Mit dem Bus zurück nach Bozburun.
Niko auf der Kanincheninsel vor Bozburun. Beim Jagen der kleinen Pelztiere hatte Nico leider keinen Erfolg, lediglich ein paar ordentliche Schrammen und kaputte Pfötchen hat er mit nach Hause gebracht.
In einer verfallenen Kapelle.
Fast überall sind wir jetzt alleine am Ankerplatz. Der Winter ist die beste Zeit zum Segeln.
Im Hintergrund die griechische Insel Symi.
Ausruhen nach der Kaninchenjagd. Das ist aber auch anstrengend.
Noch einmal rechts im Hintergrund Symi und der Zipfel der Boszburun-Halbinsel links.

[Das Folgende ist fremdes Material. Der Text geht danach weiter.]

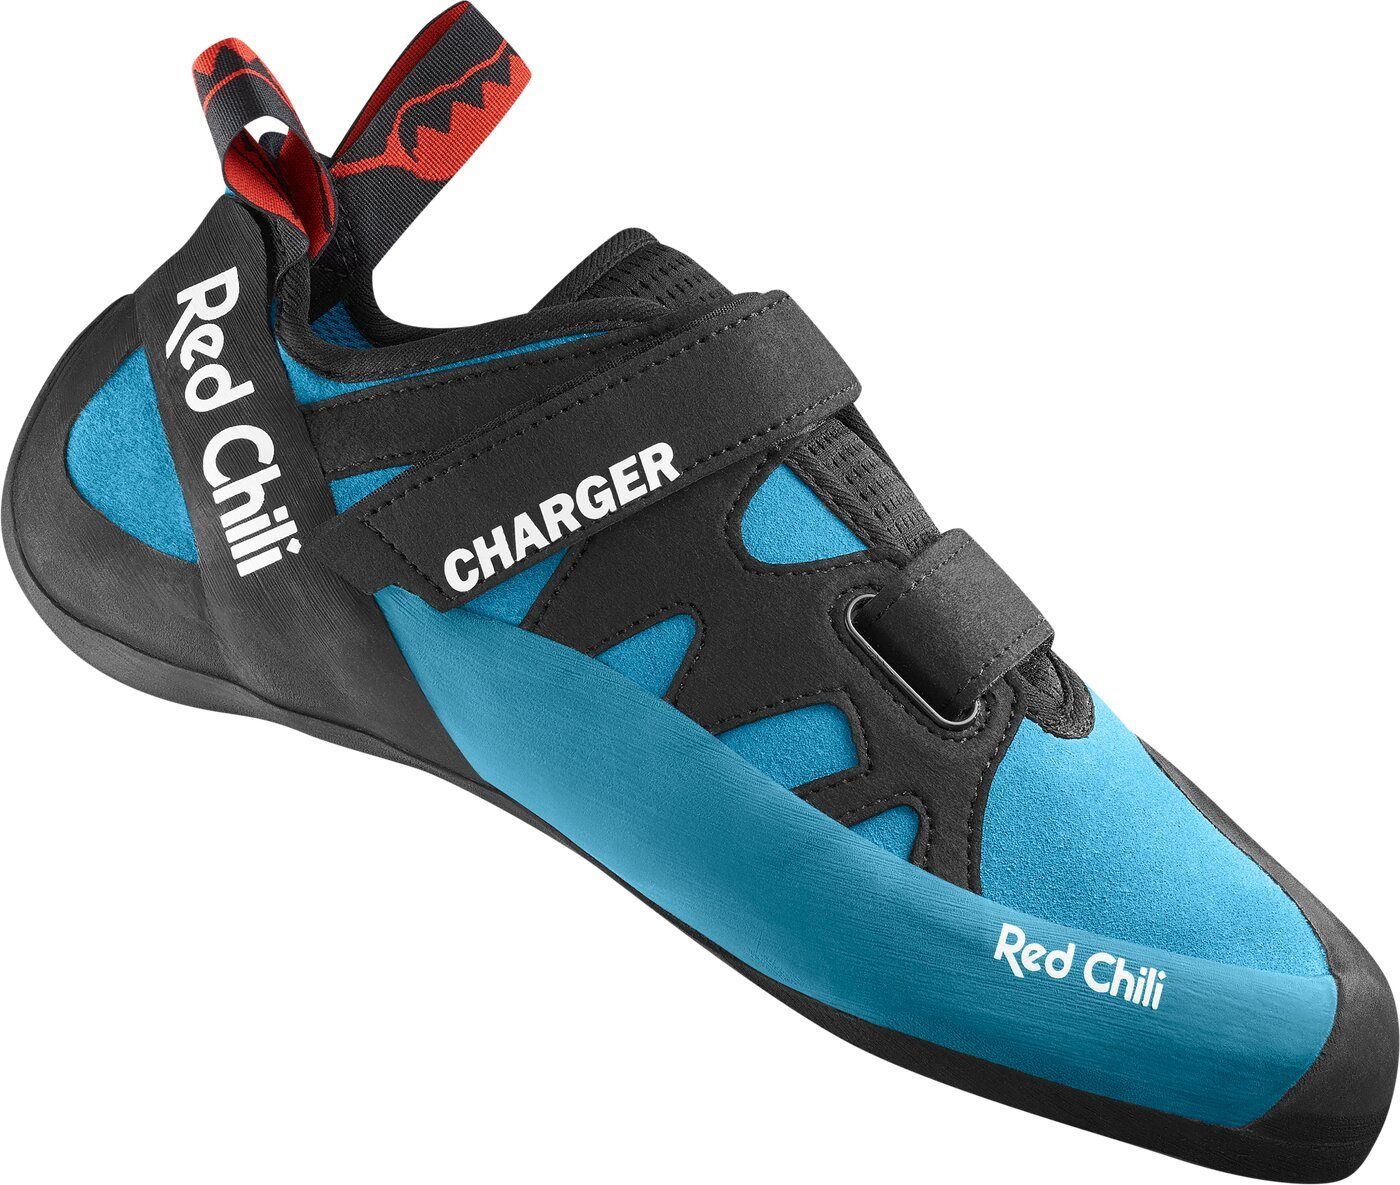 INKBLUE Charger Kletterschuh Chili Red

Am Ankerplatz vor Bozburun treffen wir auf unsere Freunde Renato und Caci aus Brasilien, die wir noch von der Ilha Grande kennen. Renato hatte uns damals auf der Südatlantikpassage nach Kapstadt begleitet.
Eine Insel.
Kristallklares Wasser. Nur Fische gibt es so gut wie keine mehr.
Auf der Südseite der Datça-Halbinsel.
Die Kretische Dattelpalme kommt nur an wenigen Standorten vor. Außer auf Kreta unter anderem hier auf der Datça-Halbinsel. Wikipedia weiß: „Sie ist der Echten Dattelpalme sehr ähnlich.“
Wie gesagt, sehr klares Wasser, aber keine Fische.
Winterlich. Wir wettern den ersten Südsturm der Saison in Selimiye ab.
Ganz eindeutig sind die meisten Gäste abgereist. Sechs Monate Ruhe vor dem Trubel.